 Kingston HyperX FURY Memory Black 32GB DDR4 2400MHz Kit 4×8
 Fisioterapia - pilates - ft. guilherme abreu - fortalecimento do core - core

═══

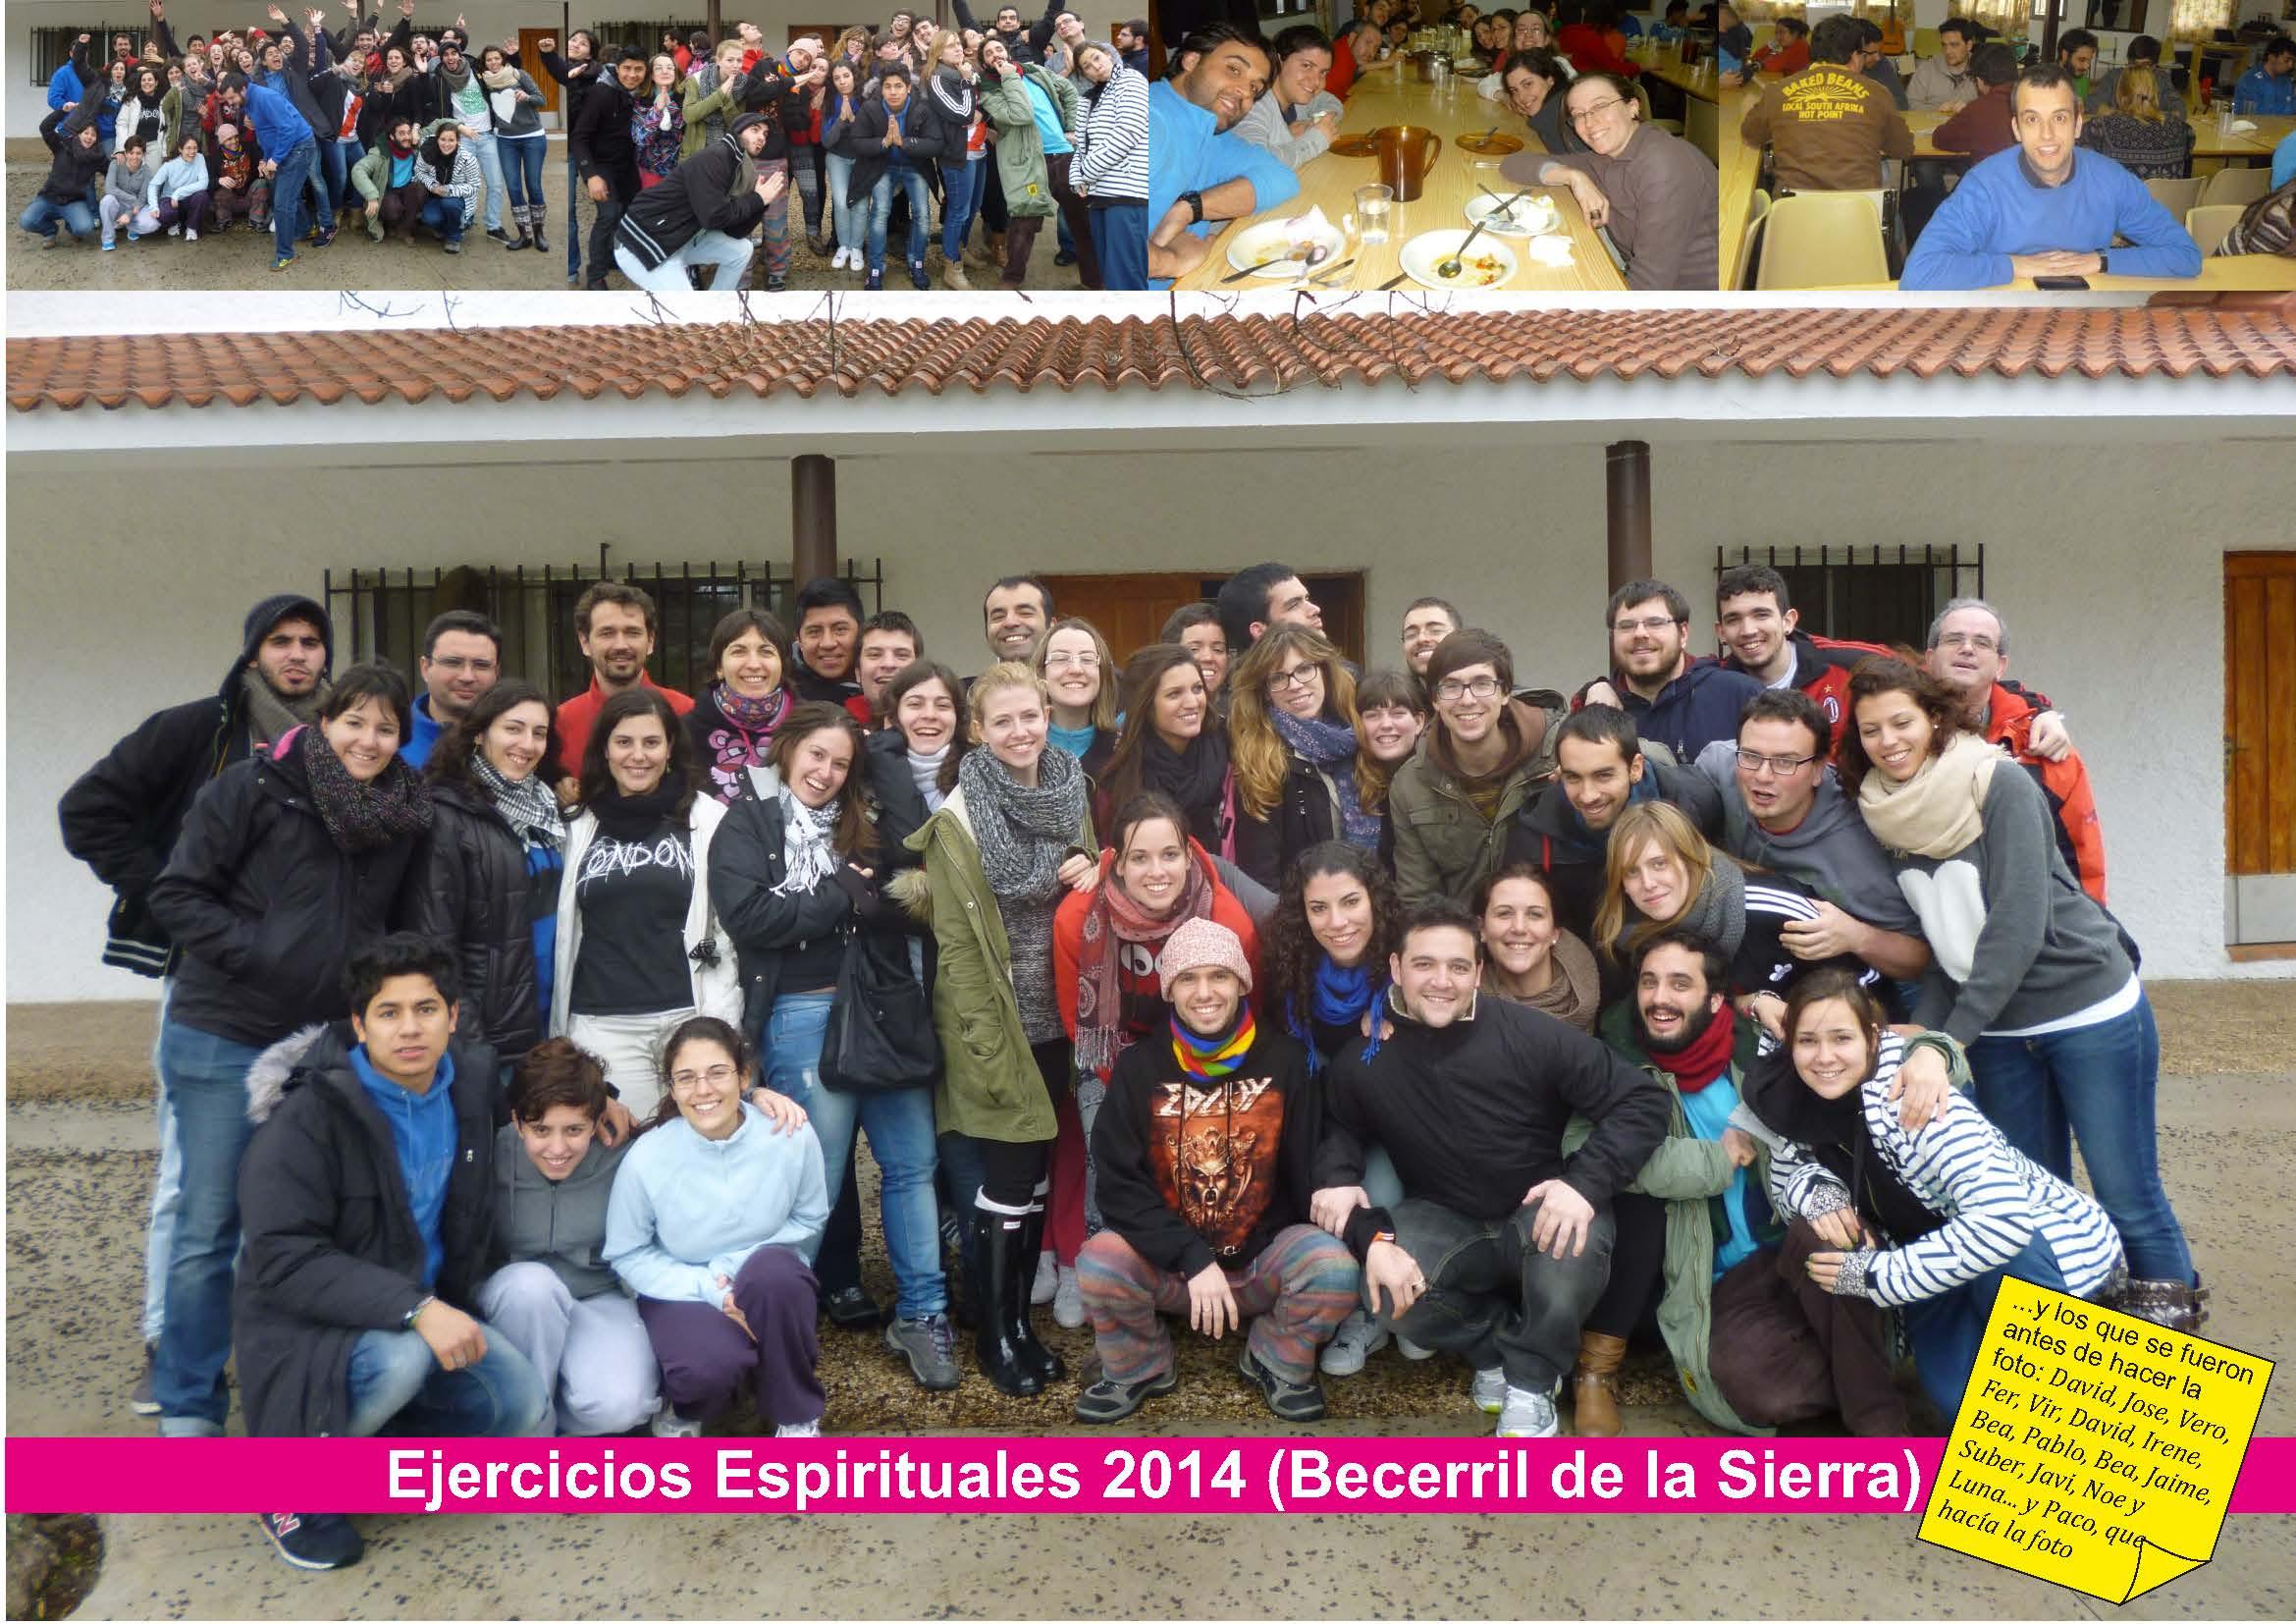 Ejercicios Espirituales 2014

═══

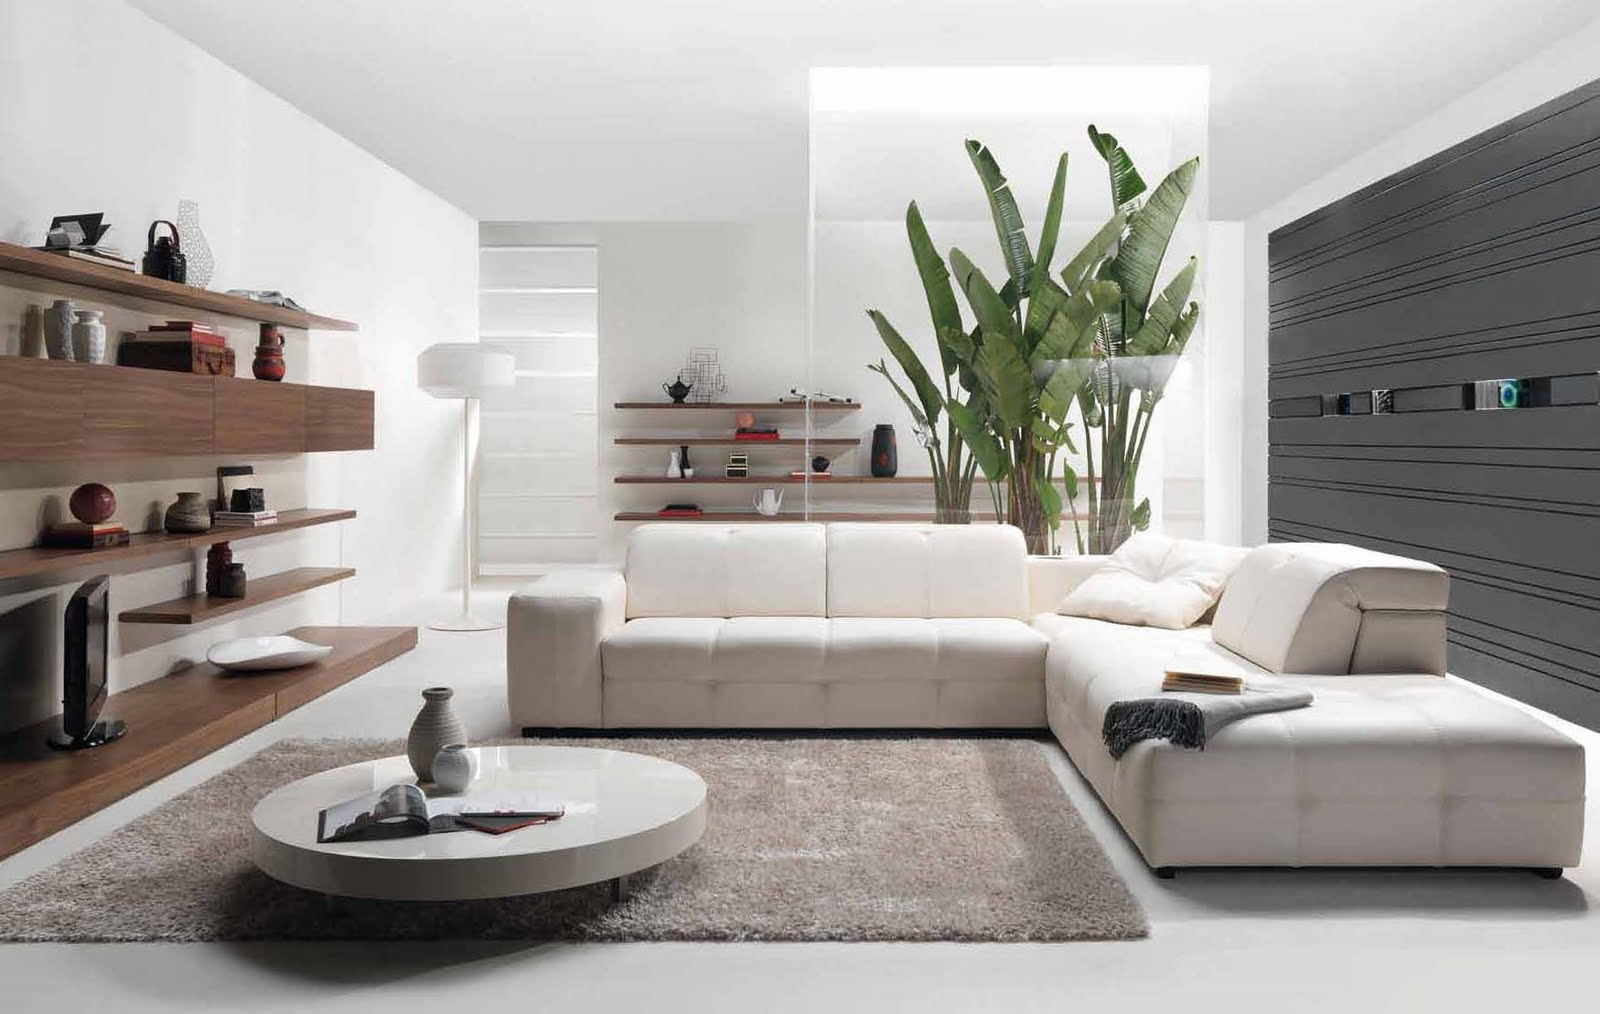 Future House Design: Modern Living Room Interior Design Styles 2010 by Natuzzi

═══

Task to carry out:
Return exactly the lines above from the line that has "Kingston HyperX FURY" through the line that has "Fisioterapia - pilates", inclusive, and nothing else.

Answer to the exercise:
 Kingston HyperX FURY Memory Black 32GB DDR4 2400MHz Kit 4×8
 Fisioterapia - pilates - ft. guilherme abreu - fortalecimento do core - core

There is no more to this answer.